I poke my head back into the bedroom and snap on the ceiling light. Here it is sparer than out front, but still satisfactory in its own way. An aquarium sits on the dresser, its lurid light exposing floating, tiny black mollies. Walter’s bed has a geometric-design cover with three oversized pillows, and on the night table there is a copy of my book,
Blue Autumn
, with my author’s picture face-up, and myself looking remarkably lean and ironic. I am drinking a beer, elbowed-in to an open air bar in San Miguel Tehuantepec. I have a crewcut and am smoking a cigarette, and couldn’t look more ridiculous. “Mr. Bascombe,” my biography says, “is a young American living in Mexico. He was born at the end of World War II, served in the Marines, and has attended the University of Michigan.” I pick it up and see it is the Haddam Public Library copy, with the plastic cover taken off. (Walter has boosted it! He told me in the Manasquan that he had a library copy, but I didn’t believe him.) He has jotted small plusses and zeros by certain titles on the contents page. I’d like to see more about that, possibly take the book with me, though I know there’s an inventory inside Sergeant Benivalle’s folder.
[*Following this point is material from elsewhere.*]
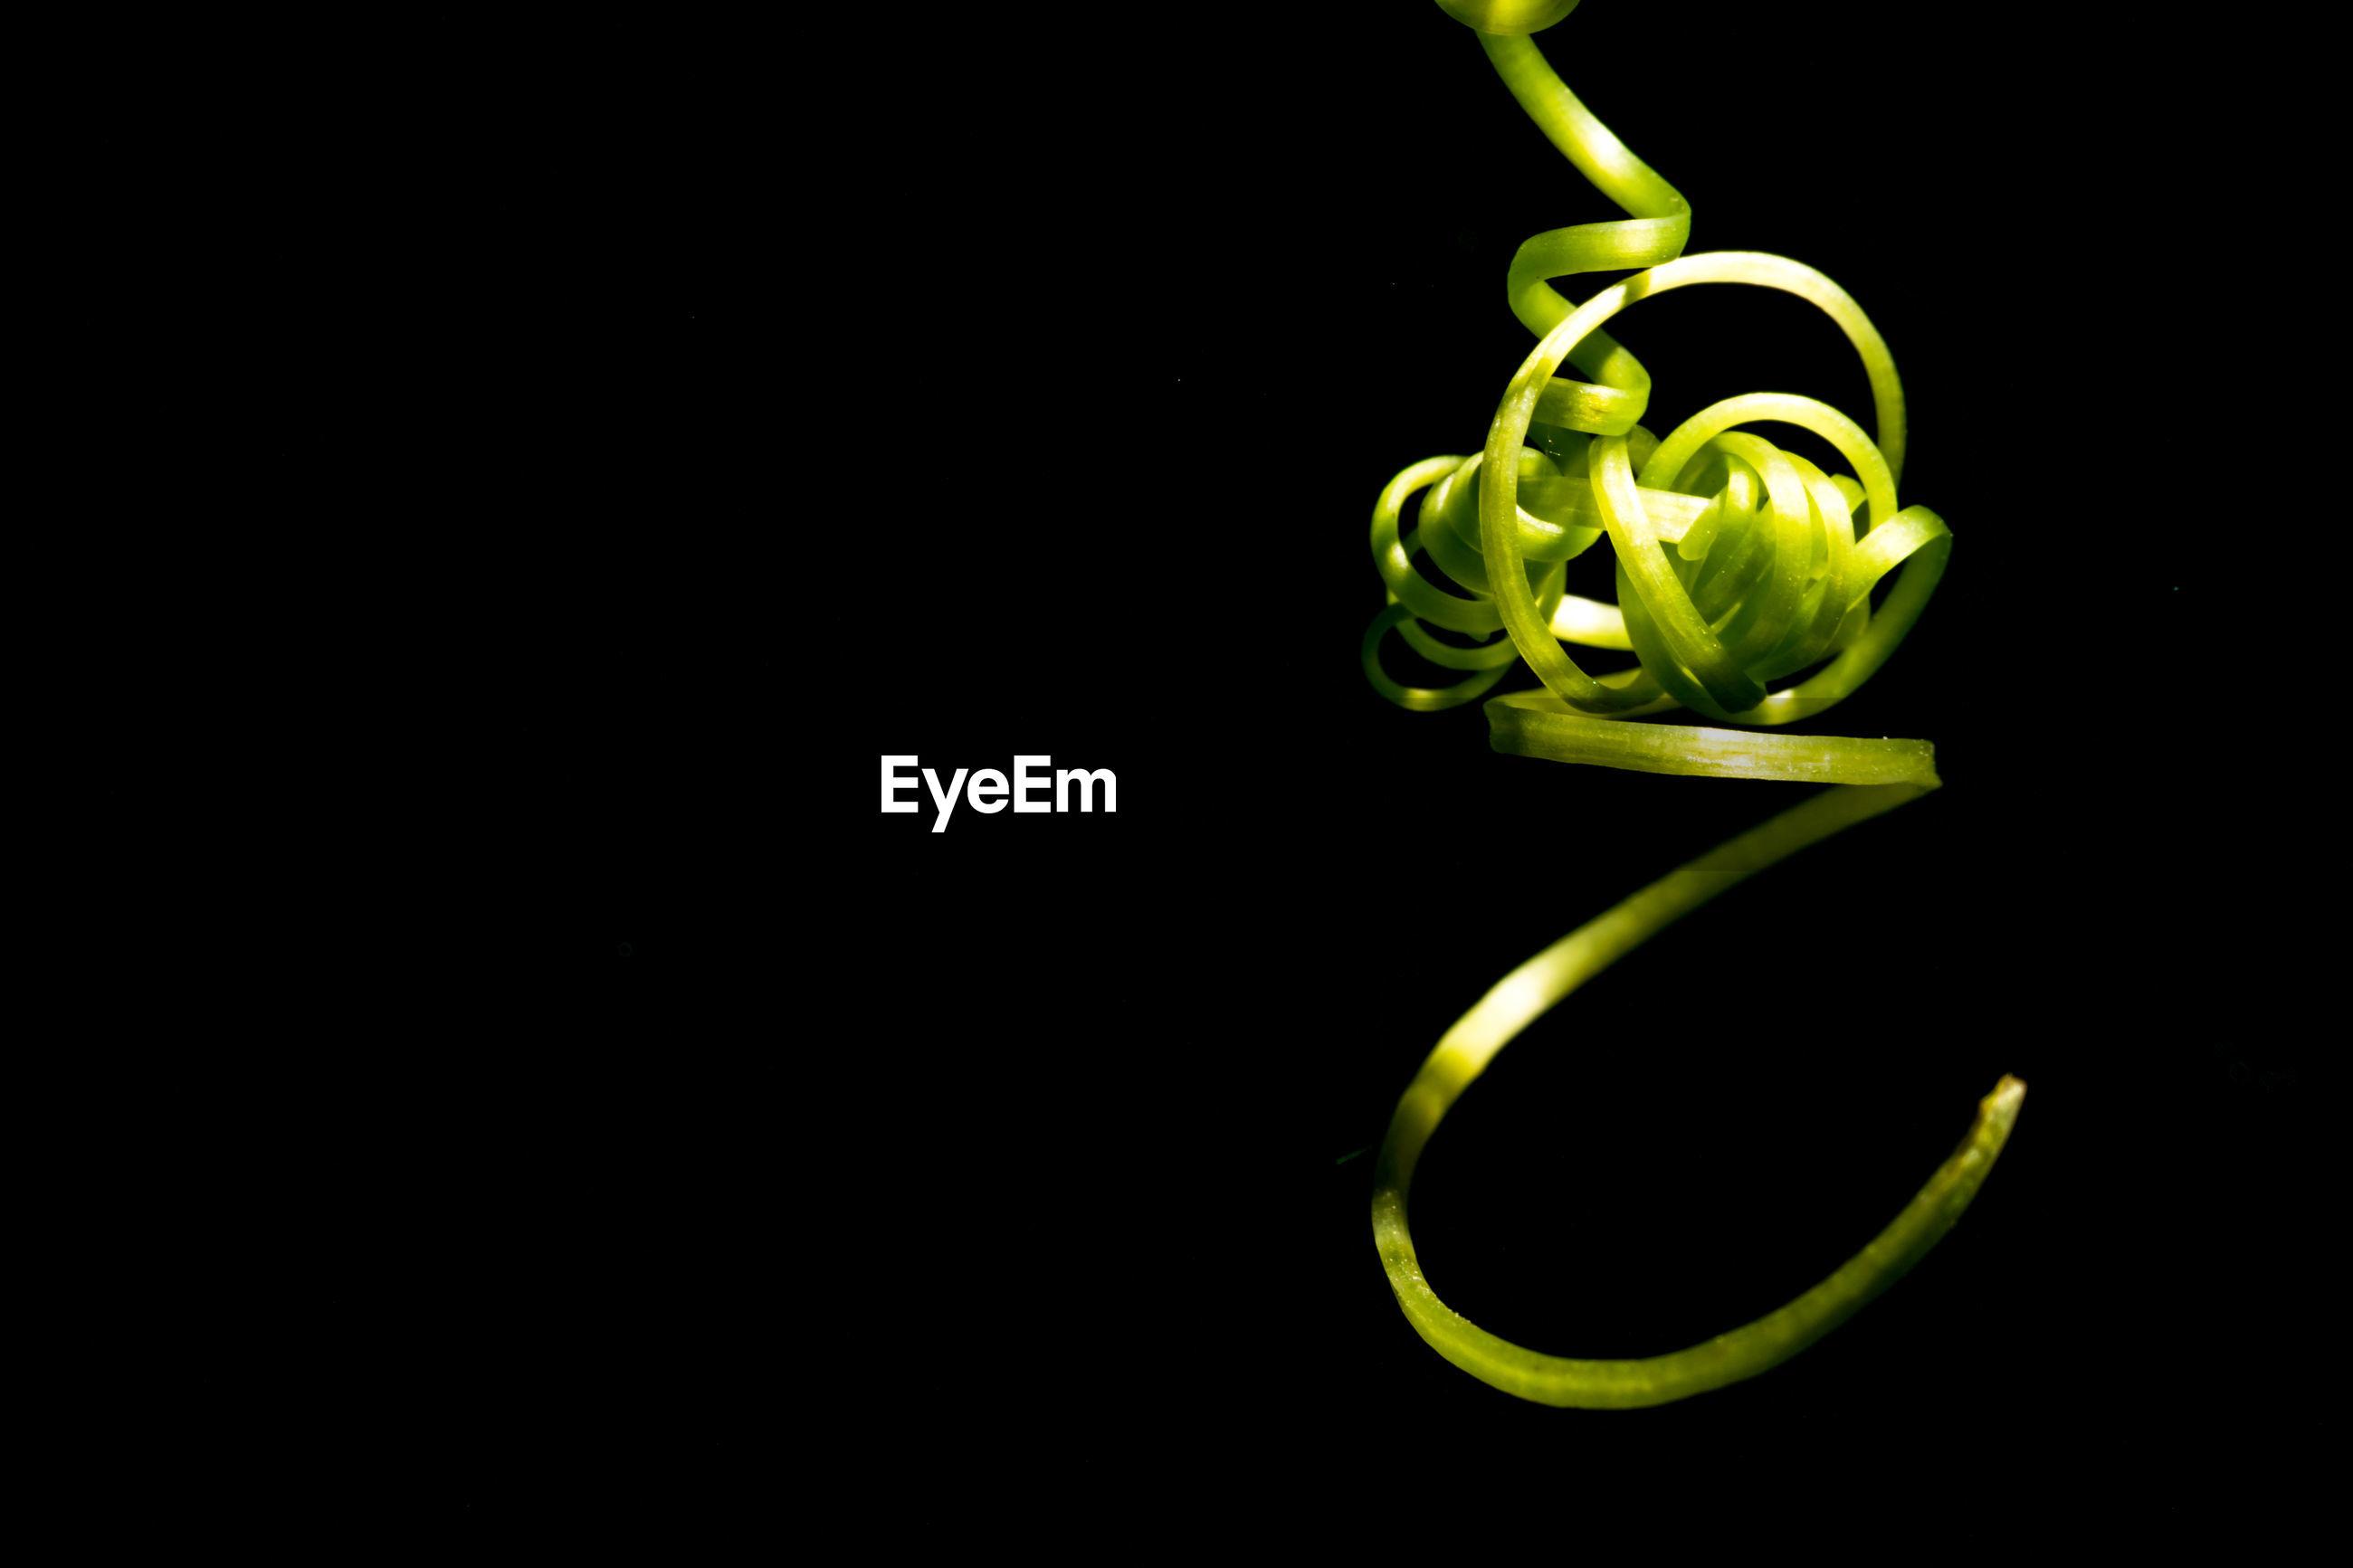 Close-up of vine tendril against black background

I set the book back, take a quick look around—shoes, shoetrees, a skinny closet of suits and shirts, a silent butler, a computer terminal on the floor in the corner, an air-conditioner built through from the outside, a Grinnell pennant—the unextraordinary remains of a life at loose ends.
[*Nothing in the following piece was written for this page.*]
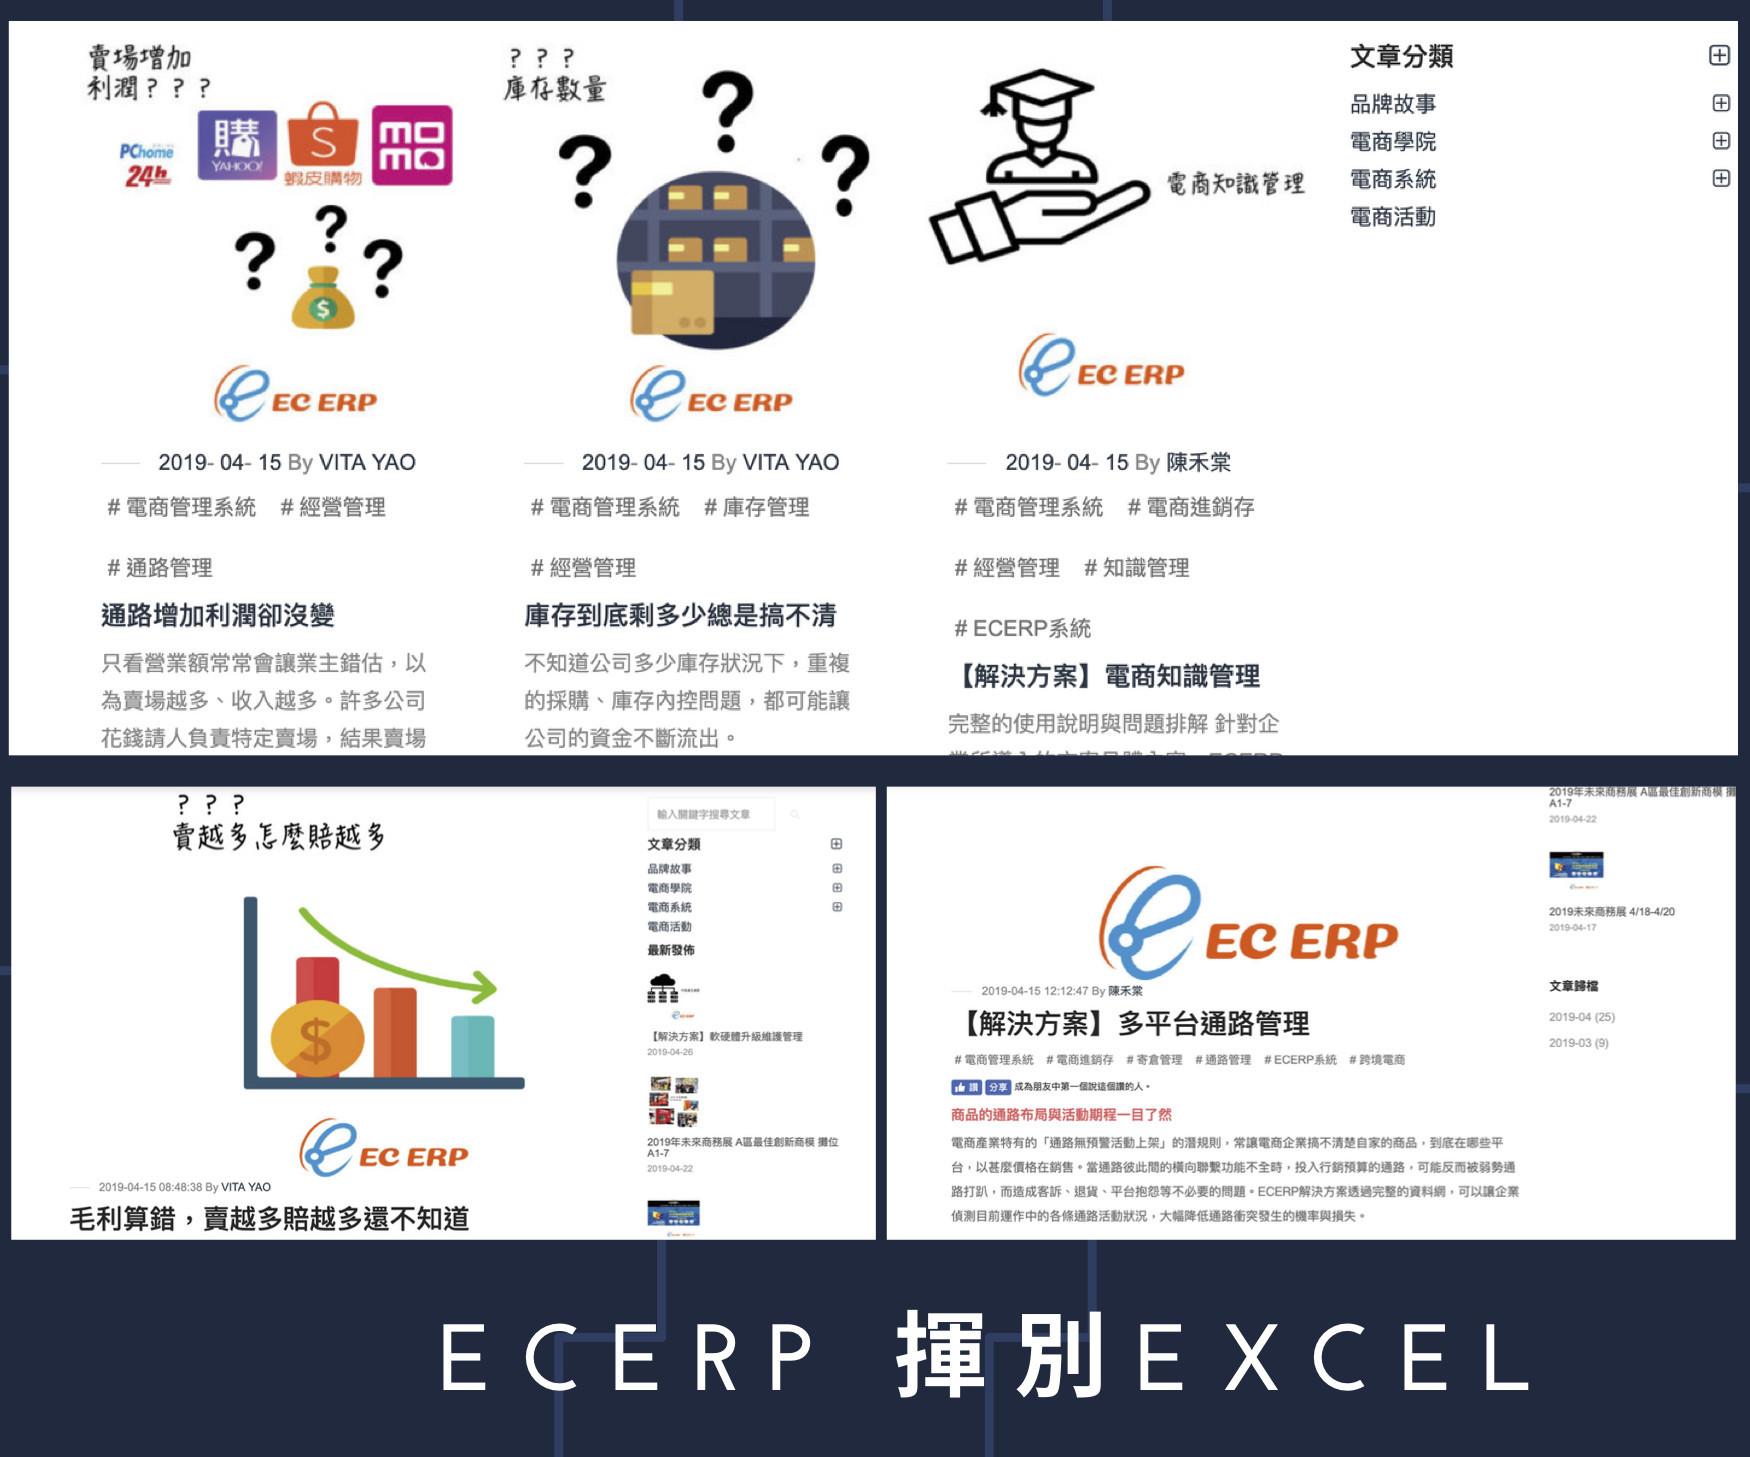 ECERP 揮別Excel,悠立得電商管理系統 電商學院

X is seated on the edge of the leather couch, her wrists on her knees, looking at a red ceramic lobster peeking out over the rim of a large green “dip bowl” on the coffee table. “You know?” She stares closely at the lobster’s eyes. Her voice makes a hollow, echoey sound.

“What?”

“It reminds me of a frat house in here, a Phi Delt’s room I used to go into. Ron something. Ron Kirk. It was fixed up exactly this way, like a dentist’s office somebody’d lived in. Just horrible boy’s stuff. I bet there’s a set of
Playboys
in here somewhere. I looked around for it a little.” She shakes her head in wonder. On the floor in front of the coffee table is more orange tape the police have laid around the chair Walter was sitting in, a chair that is missing. Two large dark brown stains have dried on one of the hooked rugs, and these have been covered with clear plastic, then taped. An area on the wall has also been covered and sealed. X has made no reference to either of them. “You’re just so strange, Frank, my God. I don’t see how any of you get along alone.” She blinks up at me, smiling, curious at who would kill himself, wishing for a common-sensical explanation for such a strange event. “You know?”